As for time taken to compute, it is _not observable_. We don't know of any
reliable timing source outside of the hypervisor[1] to compare time taken for
computation to; the supposed VM is free to take as long as it needs to to
advance to compute state, before advancing one
<http://en.wikipedia.org/wiki/Planck_time>

* * *

It could be argued the <http://en.wikipedia.org/wiki/N-body_problem> of all
the celestial bodies already puts our _supposed_ VM to a good test ;-)

\---

[1] if we knew one, it would make the experiment moot, as we would have a
direct proof we're inside of a simulation ;-)

------
DizzyDoo
It's an interesting question, are we in a Matrix, or computer simulation, or
the slightly older theory from 1641 where Rene Descartes imagined an
omnipotent demon lying to him. Maybe I'm simplifying the question, but I
reckon it boils down to how do we know what we know? Am I sat in front of a
computer screen now, or do I just believe I am?

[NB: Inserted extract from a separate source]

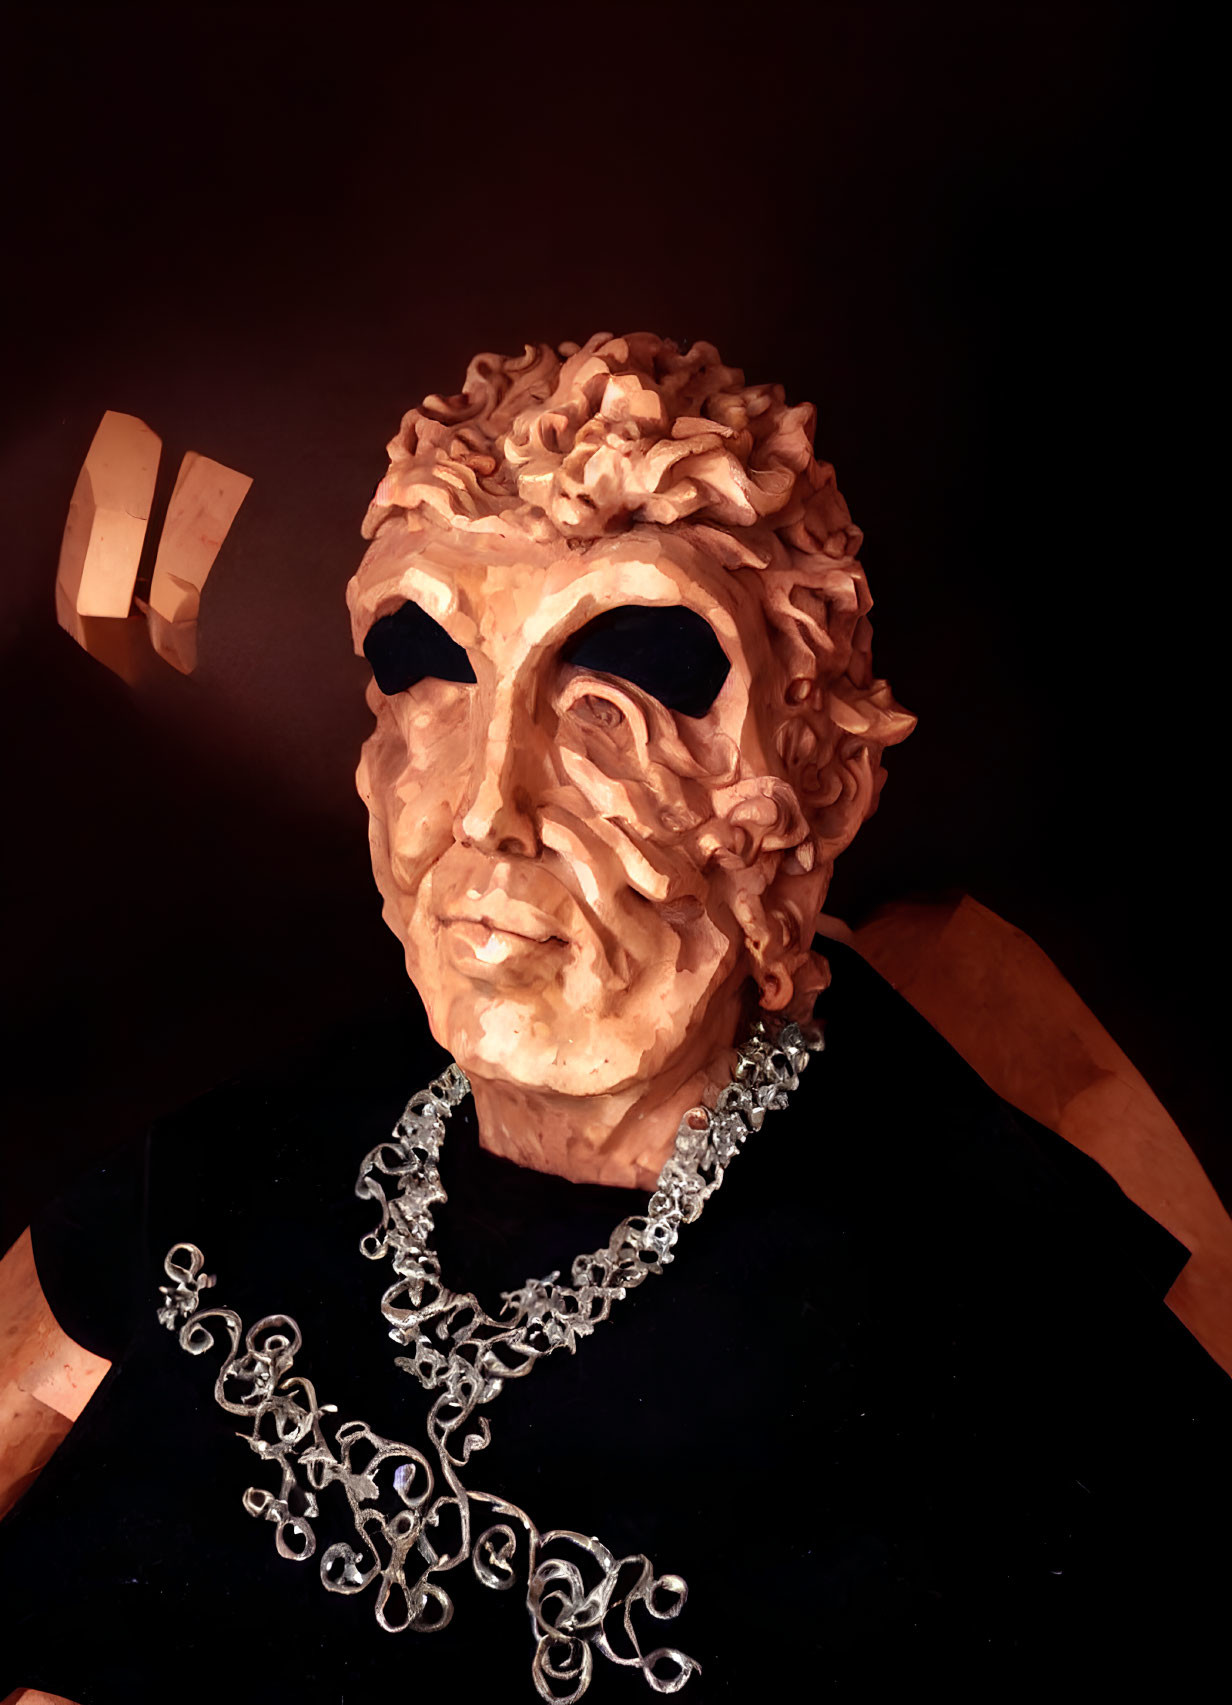 Curly-Haired Figure in Mask with Chain Necklace on Dark Background
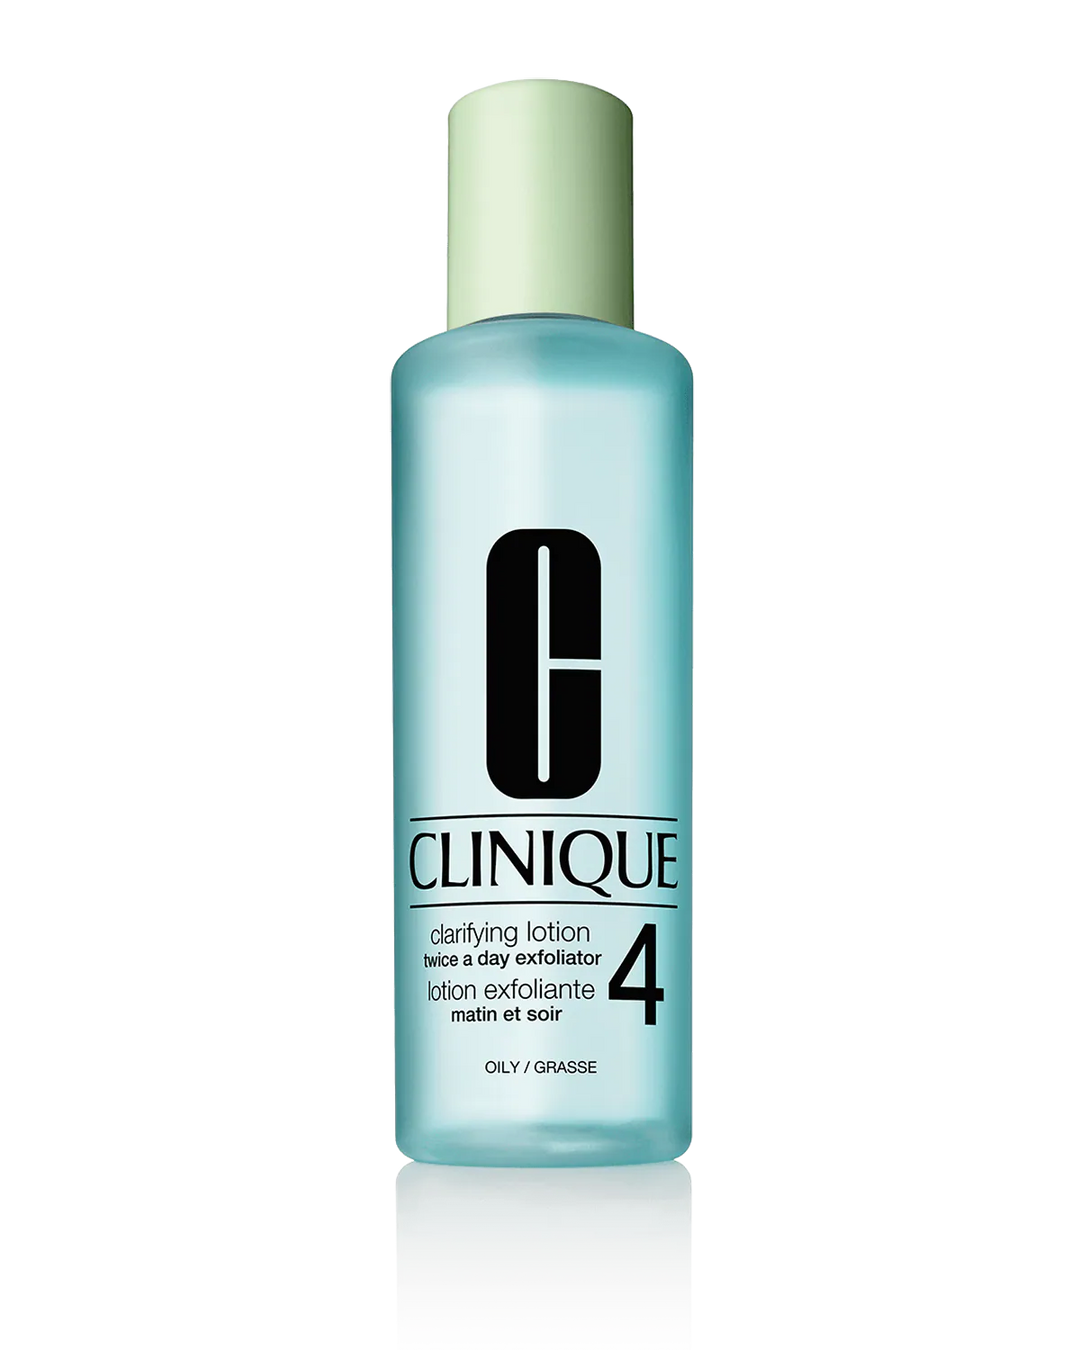 Shop The Latest Collection Of Clinique Clarifying Lotion 4 In Lebanon

I'm not really a philosopher, at all, but the Oxford Companion to Philosophy
says:

"Do you know that you are looking at a... book right now rather than, say,
having your brain intricately stimulated by a mad scientist? The sceptic
carefully describes this alternative so that no experiment can refute it. The
conclusion that you really are looking at a book, however, explains the
aggregate of your experiences better than the mad scientist hypothesis or any
other competing views."

which I think makes sense to me. I've met one or two people who say they
believe that they live in a Matrix/Alien computer simulation, but observing,
they live as if they don't.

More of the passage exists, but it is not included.